Let's compare that to an implementation of the Lennard-Jones potential similar to the last time. This implementation differs from the first one I blogged about. This one is fully vectorized. It still does not support periodic boundary conditions though. This version may be up to 10 times faster than the previous version. I haven't tested this very well, I only assured it gives the same energy as ASE for the example in this post.

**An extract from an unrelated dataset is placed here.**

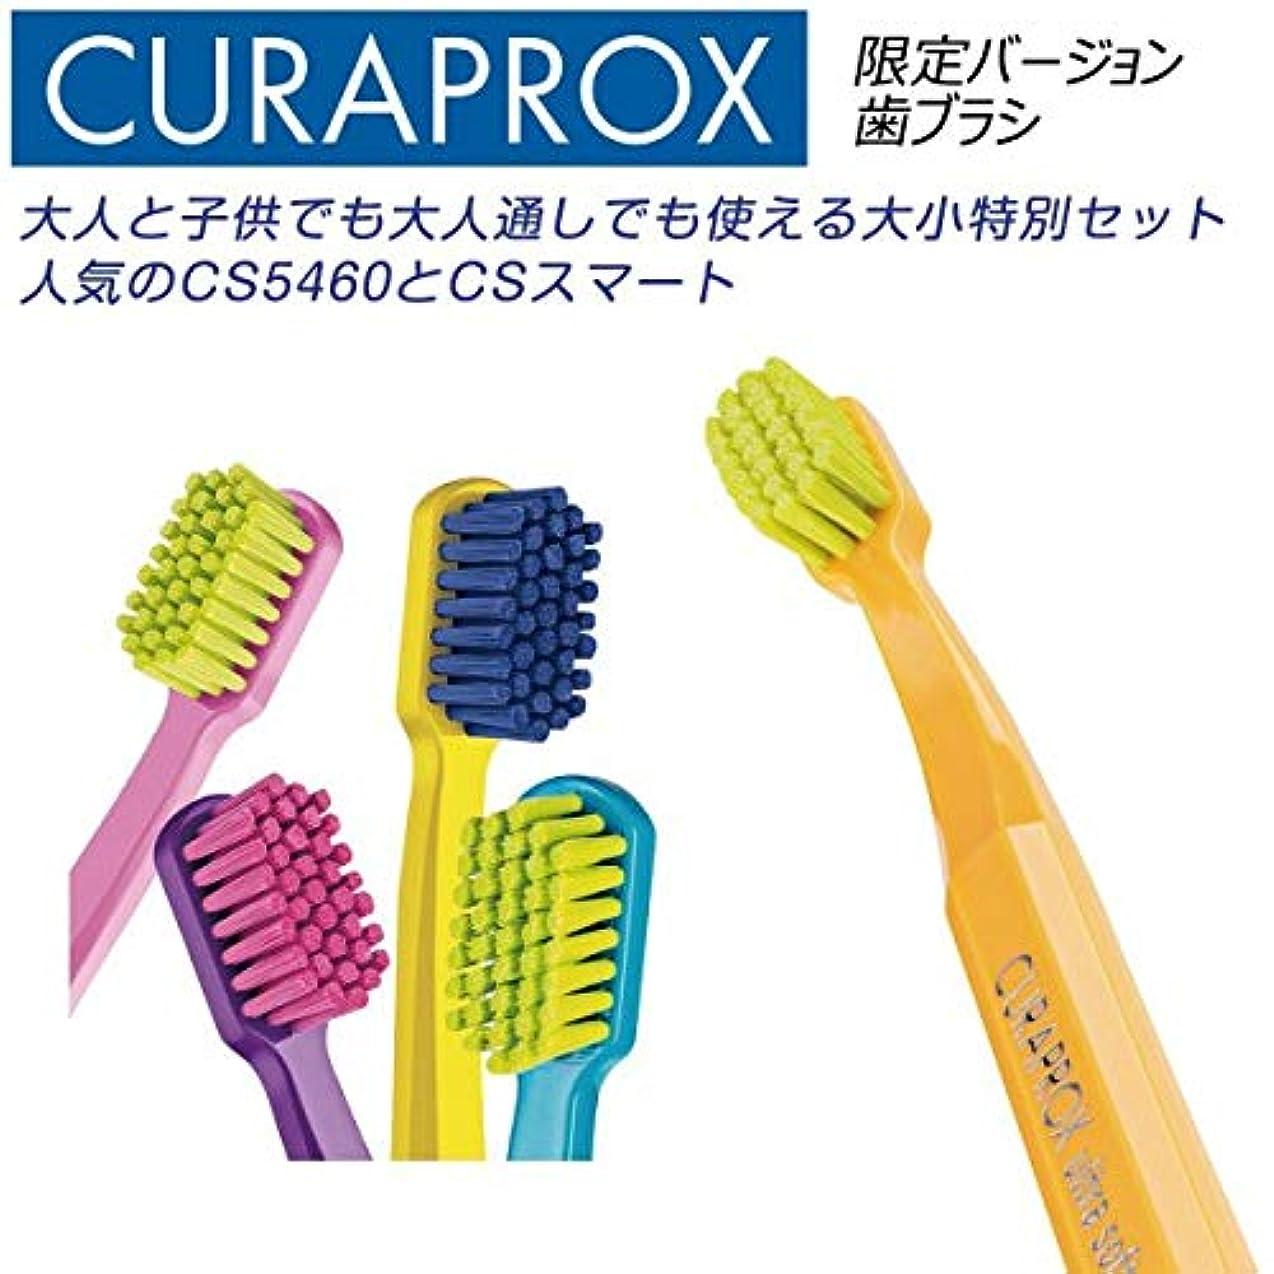 放散する相手主婦クラプロックス 歯ブラシ CS5460 ファミリーエディション黄緑+ピンク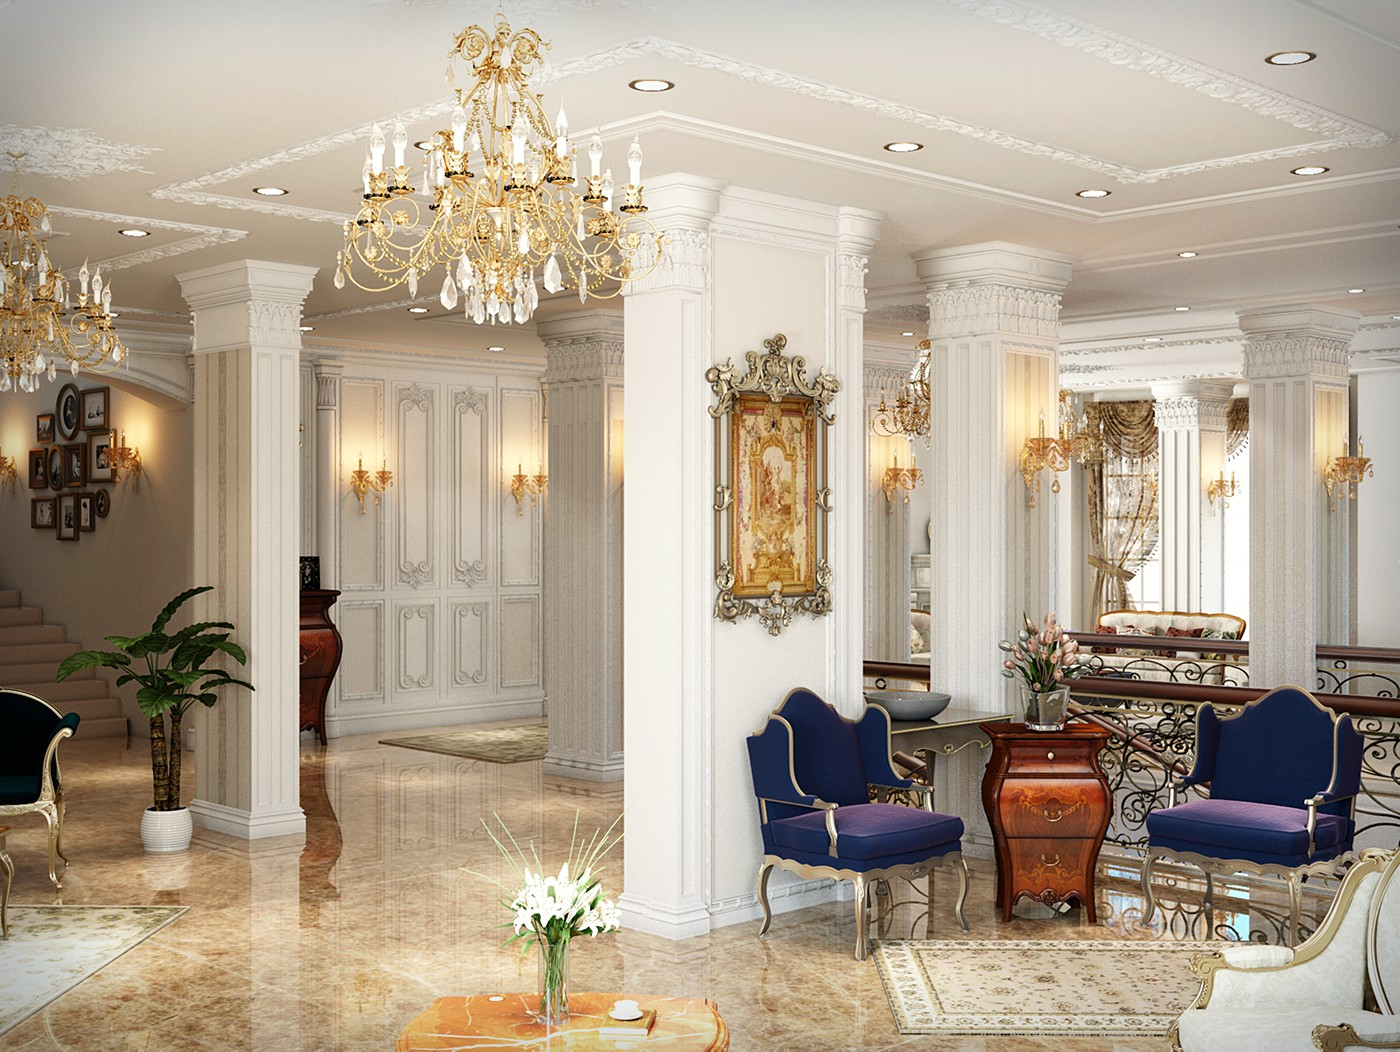 طراحی داخلی ویلا کلاسیک

import autograd.numpy as np

def energy(positions):
"Compute the energy of a Lennard-Jones system."

sigma = 1.0
epsilon = 1.0
rc = 3 * sigma

e0 = 4 * epsilon * ((sigma / rc)**12 - (sigma / rc)**6)

natoms = len(positions)
# These are the pairs of indices we need to compute distances for.
a, b = np.triu_indices(natoms, 1)

d = positions[a] - positions[b]
r2 = np.sum(d**2, axis=1)
c6 = np.where(r2 <= rc**2, (sigma**2 / r2)**3, np.zeros_like(r2))

energy = -e0 * (c6 != 0.0).sum()
c12 = c6**2
energy += np.sum(4 * epsilon * (c12 - c6))

return energy

# Just to check we get the same answer
print(energy(atoms.positions))


-1.25741774649

The energy looks good. For timing, we store the positions in a variable, in case there is any lookup time, since this function only needs an array.

pos = atoms.positions


There is no caching to worry about here, we can just get the timing.

%%timeit
energy(pos)


82.2 µs ± 2.85 µs per loop (mean ± std. dev. of 7 runs, 10000 loops each)

Wow, that is a lot faster than the ASE implementation. Score one for vectorization.

print('Vectorized is {0:1.1f} times faster than ASE at energy.'.format(1.46e-3 / 82.5e-6))

Vectorized is 17.7 times faster than ASE at energy.



Yep, a fully vectorized implementation is a lot faster than the ASE version which uses loops. So far the difference has nothing to do with autograd.

## 1 Timing on the forces

The forces are where derivatives are important, and it is a reasonable question of whether hand-coded derivatives are faster or slower than autograd derivatives. We first look at the forces from ASE. The analytical forces take about the same time as the energy, which is not surprising. The same work is done for both of them.

np.set_printoptions(precision=3, suppress=True)
print(atoms.get_forces())

[[-0.    -0.    -0.   ]
[-0.296 -0.     0.183]
[-0.296 -0.    -0.183]
[ 0.296 -0.     0.183]
[ 0.296 -0.    -0.183]
[ 0.183 -0.296 -0.   ]
[-0.183 -0.296  0.   ]
[ 0.183  0.296 -0.   ]
[-0.183  0.296  0.   ]
[-0.     0.183 -0.296]
[ 0.    -0.183 -0.296]
[-0.     0.183  0.296]
[ 0.    -0.183  0.296]]


%%timeit
atoms.get_forces()
atoms.calc.results = {}

1.22 ms ± 38.7 µs per loop (mean ± std. dev. of 7 runs, 1000 loops each)



Here is our auto-differentiated force function.

from autograd import elementwise_grad

def forces(pos):
return -dEdR(pos)


Let's just check the forces for consistency.

print(forces(atoms.positions))

print(np.allclose(forces(atoms.positions), atoms.get_forces()))

[[-0.    -0.    -0.   ]
[-0.296 -0.     0.183]
[-0.296 -0.    -0.183]
[ 0.296 -0.     0.183]
[ 0.296 -0.    -0.183]
[ 0.183 -0.296 -0.   ]
[-0.183 -0.296  0.   ]
[ 0.183  0.296 -0.   ]
[-0.183  0.296  0.   ]
[-0.     0.183 -0.296]
[ 0.    -0.183 -0.296]
[-0.     0.183  0.296]
[ 0.    -0.183  0.296]]
True



Those all look the same, so now performance for that:

%%timeit

forces(pos)

727 µs ± 47.1 µs per loop (mean ± std. dev. of 7 runs, 1000 loops each)



This is faster than the ASE version. I suspect that it is largely because of the faster, vectorized algorithm overall.

print('autograd is {0:1.1f} times faster than ASE on forces.'.format(1.22e-3 / 727e-6))

autograd is 1.7 times faster than ASE on forces.



autograd forces are consistently 2-6 times faster than the ASE implementation. It could be possible to hand-code a faster function for the forces, if it was fully vectorized. I spent a while seeing what would be required for that, and it is not obvious how to do that. Any solution that uses loops will be slower I think.

This doesn't directly answer the question of whether this can work in production. Everything is still written in Python here, which might limit the size and length of calculations you can practically do. With the right implementation though, it looks promising.